Your support will help our mission to DROWNPROOF RICHMOND!
SwimRVA is proud to be a part of the Learn To Swim programs which give local 2nd graders free swim lessons. This unique program is a game changer to end needless drowning deaths and a huge leap in building a more physically active community. Together we can change our children's future for generations to come! You are making Richmond a safer and healthier community! Thank you very much for your support.

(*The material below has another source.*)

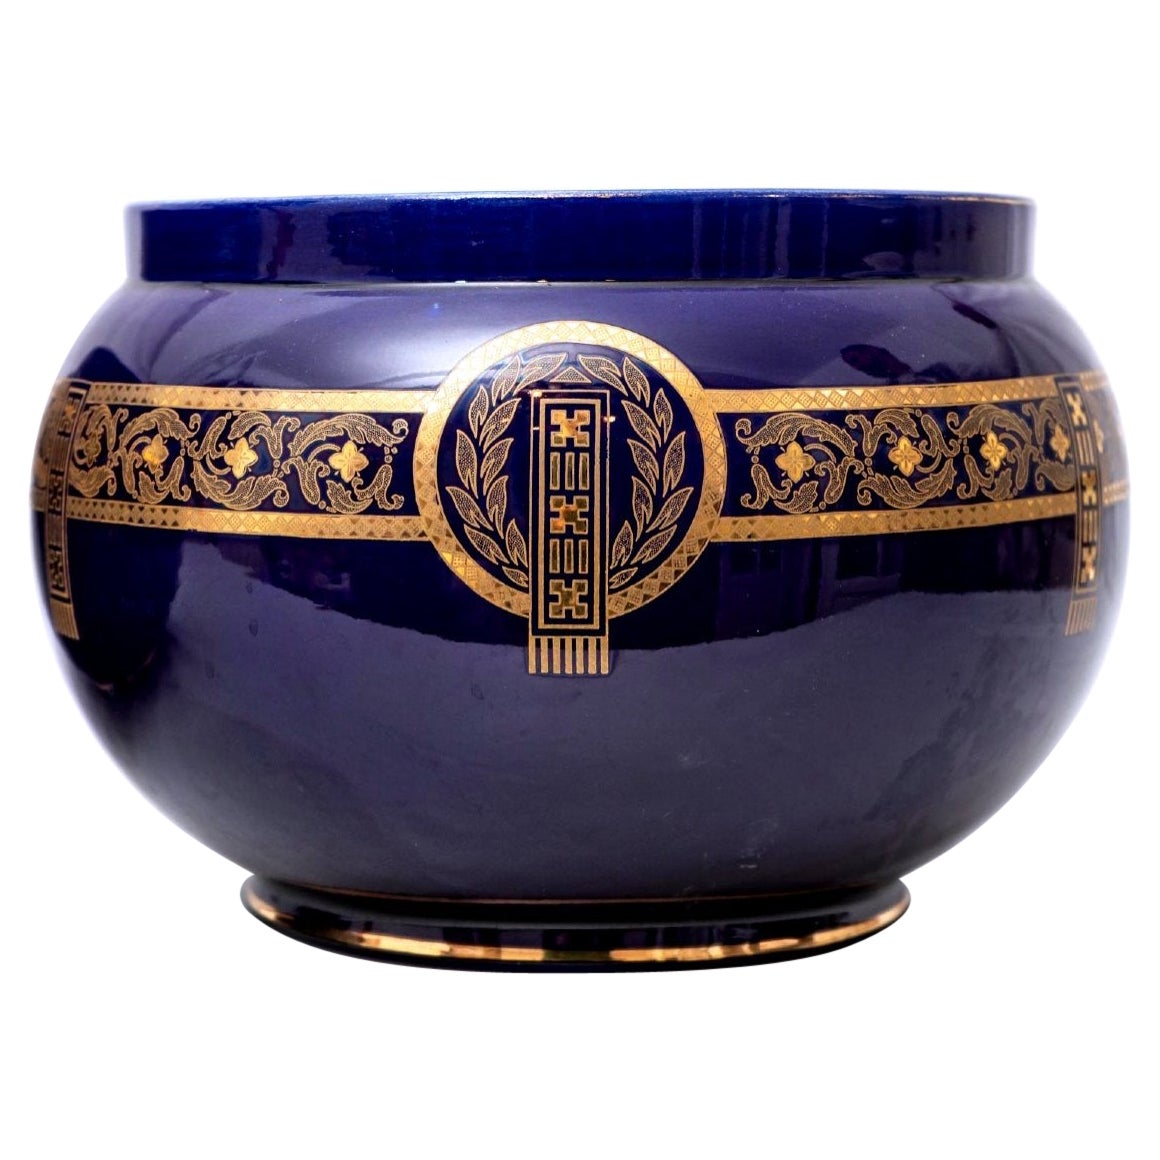 Pair Of Large Planters - Signed And Numbered Sarreguemines - Dark Cobalt Blue -  For Sale

The Learn To Swim program was started back in the mid-90's by the YMCA. The goal was to make sure that every child has the opportunity to learn a skill that can save their life more ways than one. You are helping to provide these children with the ability to stay safe in the water, as well as, a tool to be active and healthy for their entire life. Throughout the last couple decades they have successfully implemented 32 schools in the city of Richmond with the program. When SwimRVA was being developed several years ago one of the main goals of the facility was to promote water safety. We have since started the same program and this year we successfully gave all 2nd graders in 12 different schools FREE swim lessons! The swim lessons are once a week for 7 weeks, 45 minutes long, during the school day and everything is paid for by you. The ultimate goal by 2020 is to have all 120 elementary schools in the Greater Richmond Region participating in the program.

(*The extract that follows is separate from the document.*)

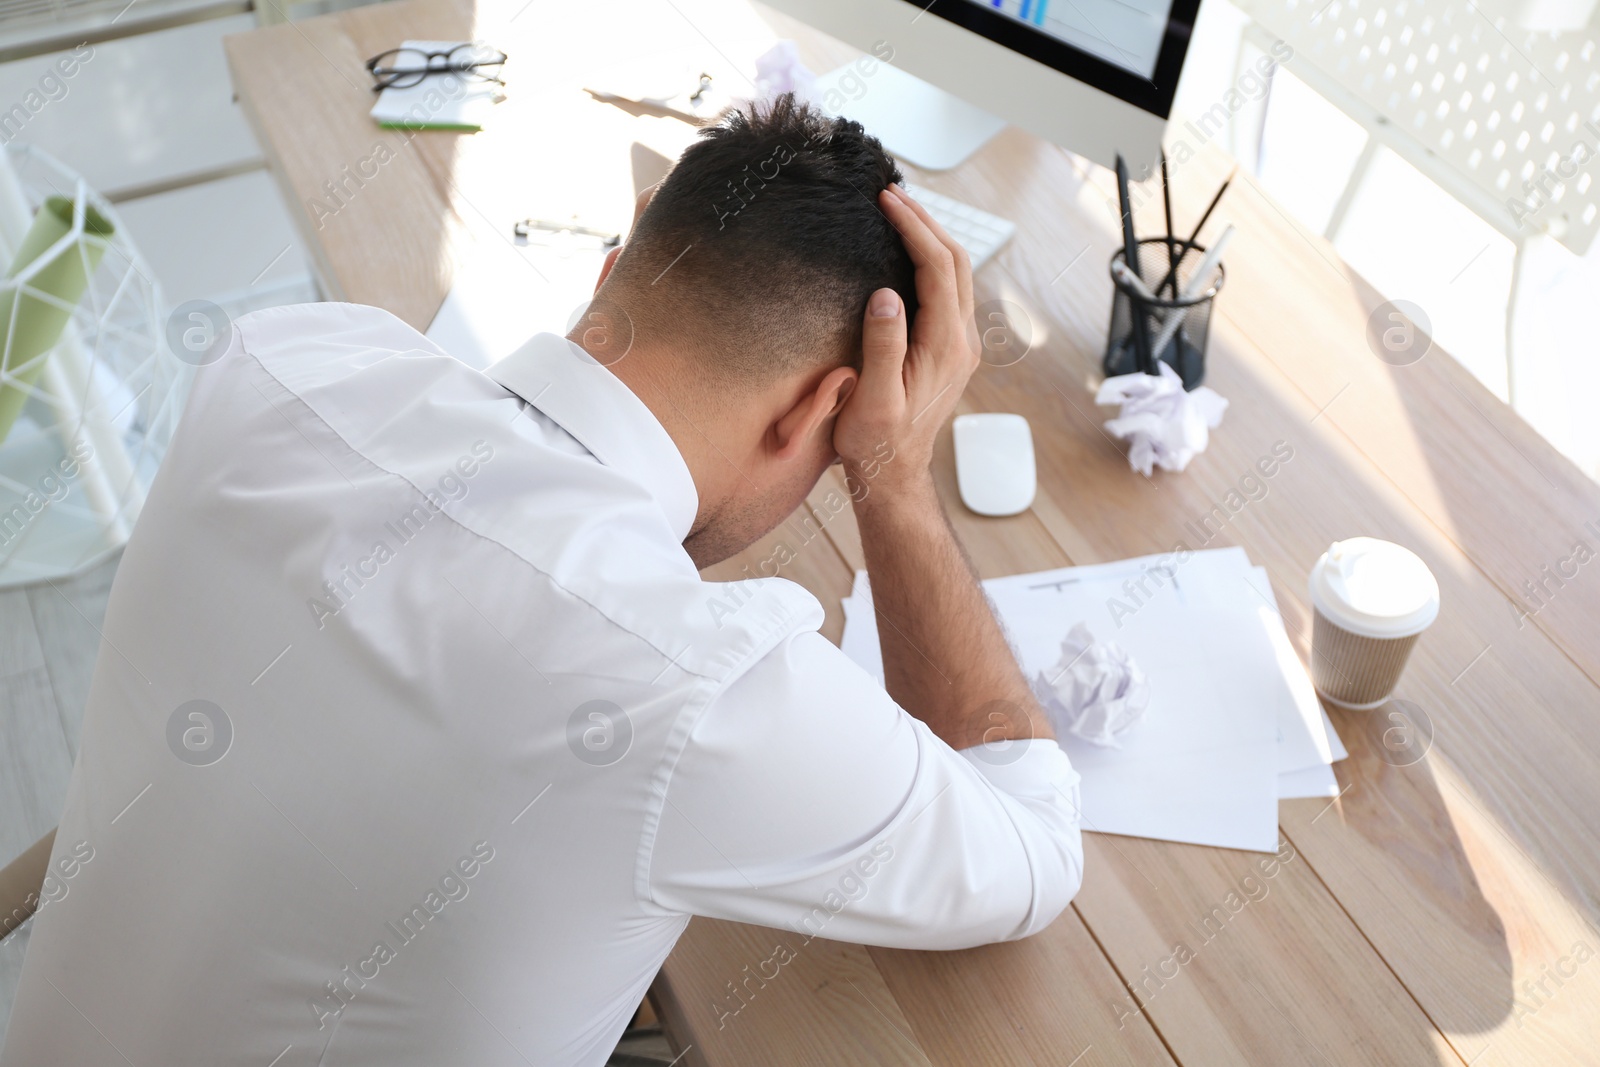 Photo of Businessman stressing out at workplace in office, above view

1. 50% of the entire population in your River City(RVA) does not know how to swim!
Do you really need another statistic? Well...we have a few more anyways:
2. Drowning is the number one leading cause of unintentional injury-related deaths ages 1-4, number 2 leading cause of unintentional injury-related deaths ages 14 and under, and number 5 leading cause of unintentional injury-related deaths for all ages.
3. It is estimated that for each drowning death, there are 1-4 nonfatal submersions that result in hospitalization.
4. Of all preschoolers who drown, 70 percent of them are in the care of one or both parents at the time of drowning.